As described above, unlike the former ECM, the silicon microphone cannot be electretized with only the dielectric film taken out. Then, in the invention, the silicon oxide film 32 is electretized using corona discharge in a state in which a microphone is placed on an printed-circuit board.

However, in the silicon microphone 43 in FIG. 1, the inorganic dielectric film 32 is positioned between the fixed electrode 31 and the diaphram electrode 33 on the silicon substrate 34 and ions generated by corona discharge arrive at the inorganic dielectric film 32 via the openings (sound holes) 35 made in the fixed electrode 31. This means that the structure makes it hard for the ions generated by corona discharge to arrive at the inorganic dielectric film 32, and electretization of the inorganic dielectric film 32 needs to be devised.

To manufacture the silicon microphone 43, a silicon oxide film is deposited, thereby forming the diaphram electrode 33, the inorganic dielectric film 32, the fixed electrode 31, and the sacrifice layer for providing the air gap 36 and after the diffusion step terminates, the sacrifice layer is etched and this portion becomes the air gap 36. In the manufacturing process, variations in the film thickness of silicon layer at the mass production time (the film thickness determines the value of the air gap 36) occur about 10%. Thus, variations in the electrode-to-electrode distance between the diaphram electrode 33 and the fixed electrode 31 also occur about 10%. In the ECM, the microphone sensitivity is inversely proportional to the electrode-to-electrode distance. Therefore, variations in the electrode-to-electrode distance would lead to variations in the microphone sensitivity.

In the invention, this point is also considered and the dielectric film 32 is electretized reasonably and further device manufacturing variations or microphone sensitivity variations caused by the characteristic variations in electronic parts, etc., are absorbed by adjusting the electret quantity.

FIG. 2 is a sectional view to show the implementation structure of an electret microphone using a silicon substrate (structure after the electret microphone is encapsulated in a case). Parts common to those in FIG. 1 are denoted by the same reference numerals in FIG. 2. In FIG. 2, the silicon microphone (semiconductor device) 43 is drawn schematically (the actual structure is as shown in FIG. 1).

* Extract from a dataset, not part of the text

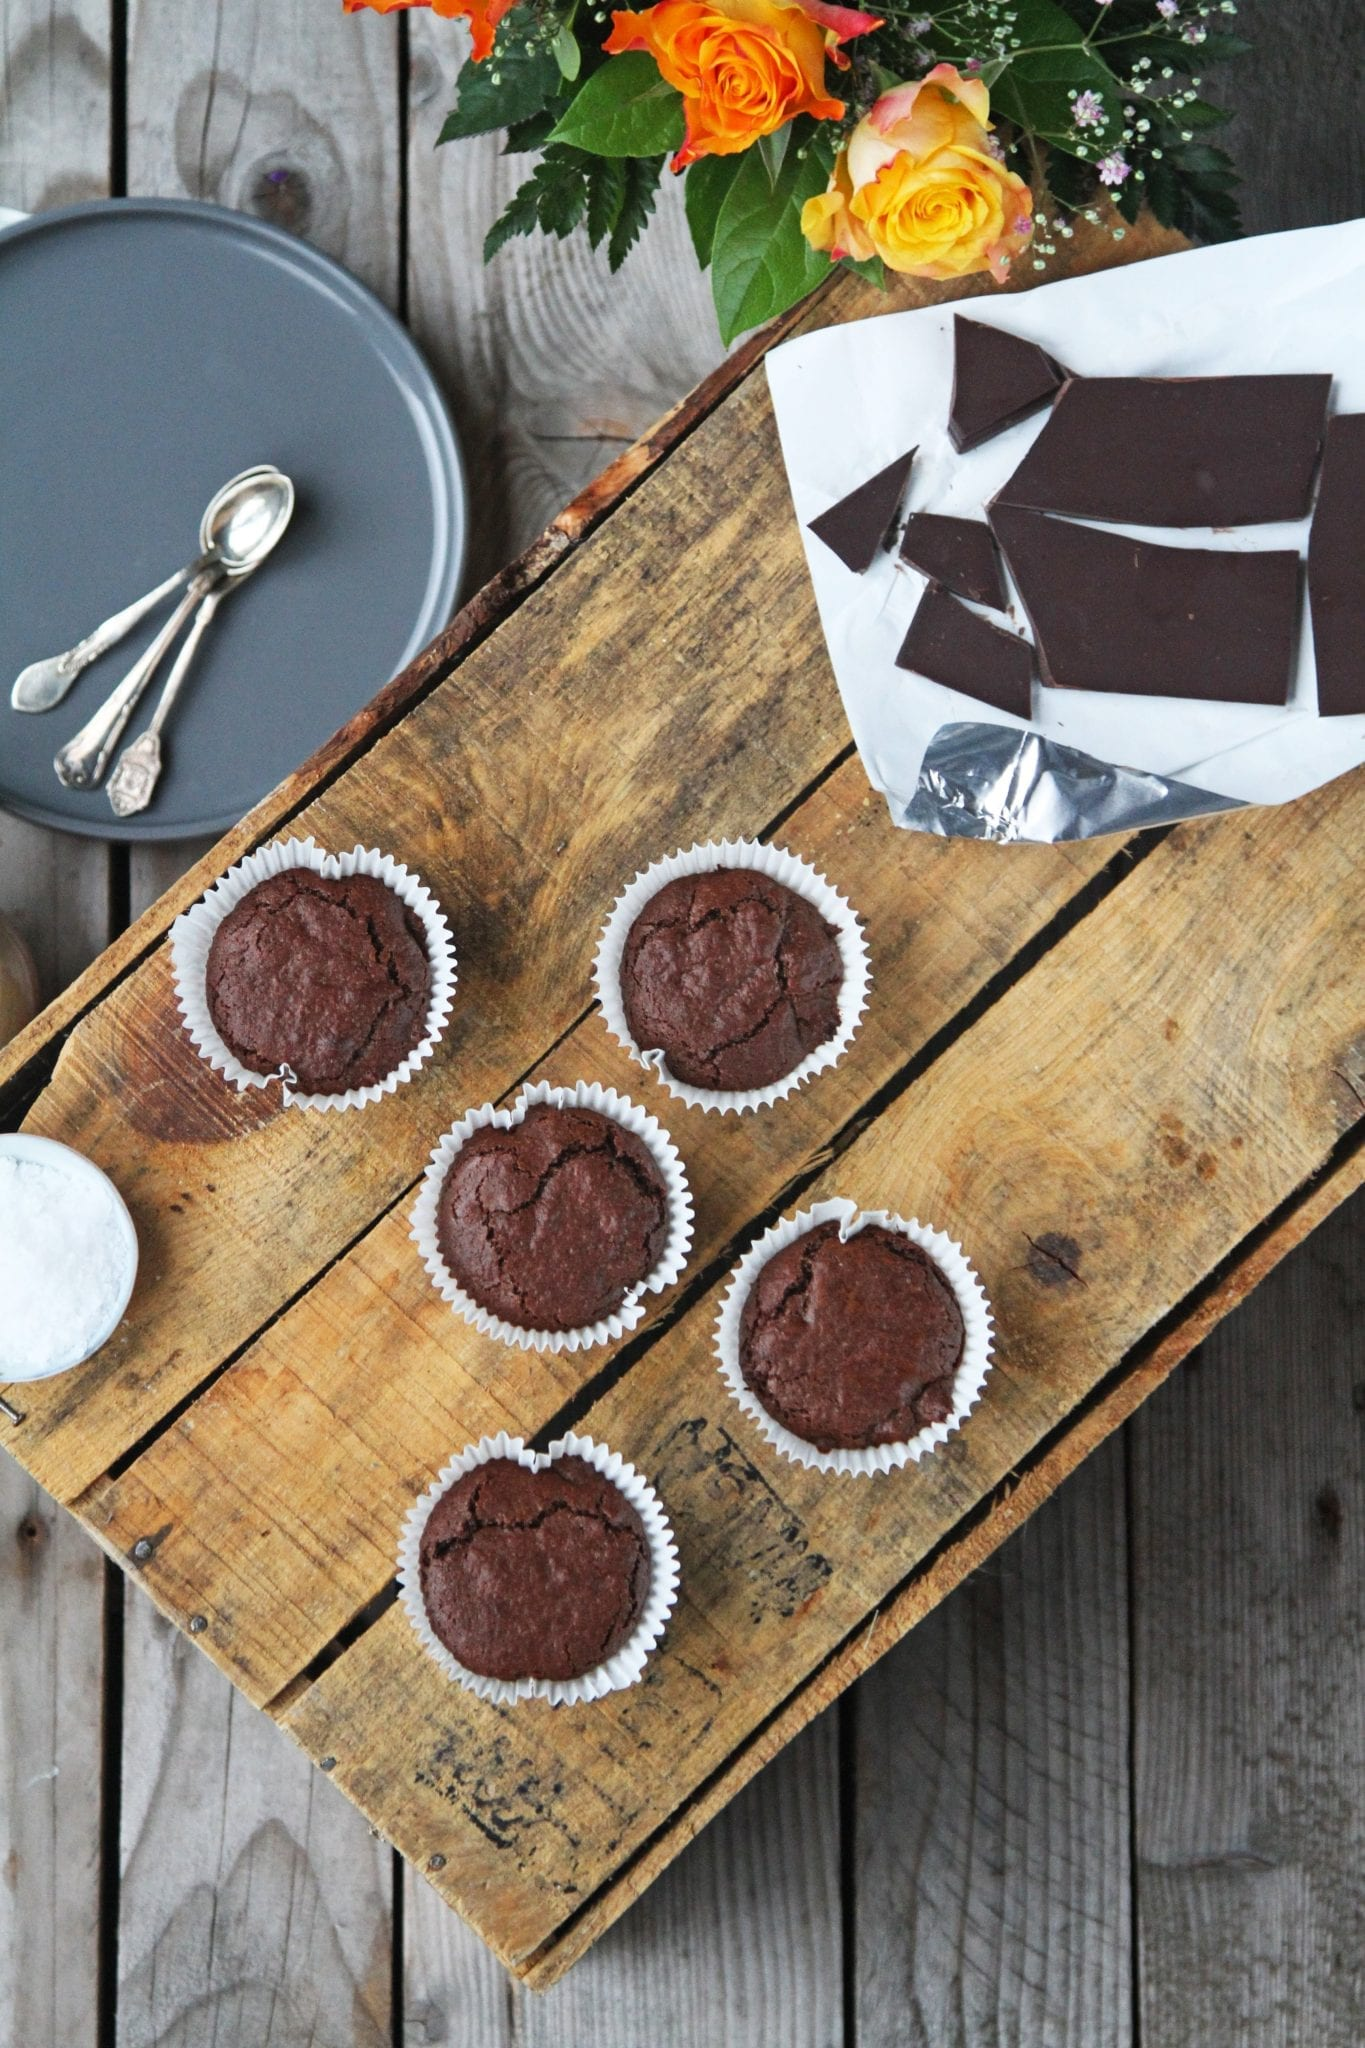 IMG 2517 Brownie muffins - chokolade himmel

As shown in FIG. 2, the silicon microphone (semiconductor device) 43 and other elements (FET, resistance element, etc.,) 45 are implemented on the plastic or ceramic printed-circuit board 42.

A ground pattern 46 and a microphone signal output pattern 47 are placed on the back of the printed-circuit board 42. As shown in FIG. 1, the fixed electrode 31 and the diaphram electrode 33 of the silicon microphone (semiconductor device) 43 are connected to the wiring patterns 60a and 60b on the printed-circuit board 42 through the wires 44a and 44b. FIG. 2 shows only the wire 44a and the wiring pattern 60a.

A shield case 41 is attached onto the printed-circuit board 42 after electretization processing is complete. The shield case 41 is provided with a wide opening 49 for introducing a sound wave.

An electretization method of the invention (and an electretization apparatus of the invention) will be specifically discussed with FIGS. 3 to 5.

FIG. 3 is a drawing to show the main configuration of the electretization apparatus of the invention.

The electretization apparatus in FIG. 3 is a processing apparatus in a sheet manner (system of processing devices separately one at a time rather than a batch system of processing a plurality of devices at a time) for applying ions by corona discharge of one needle electrode to one silicon microphone for electretization.

As shown in the figure, the electretization processing uses corona discharge using a needle electrode 51. That is, the needle electrode 51 is positioned above the silicon microphone (semiconductor device) 43. A voltage source 53 for causing corona discharge to occur is connected to the needle electrode 51.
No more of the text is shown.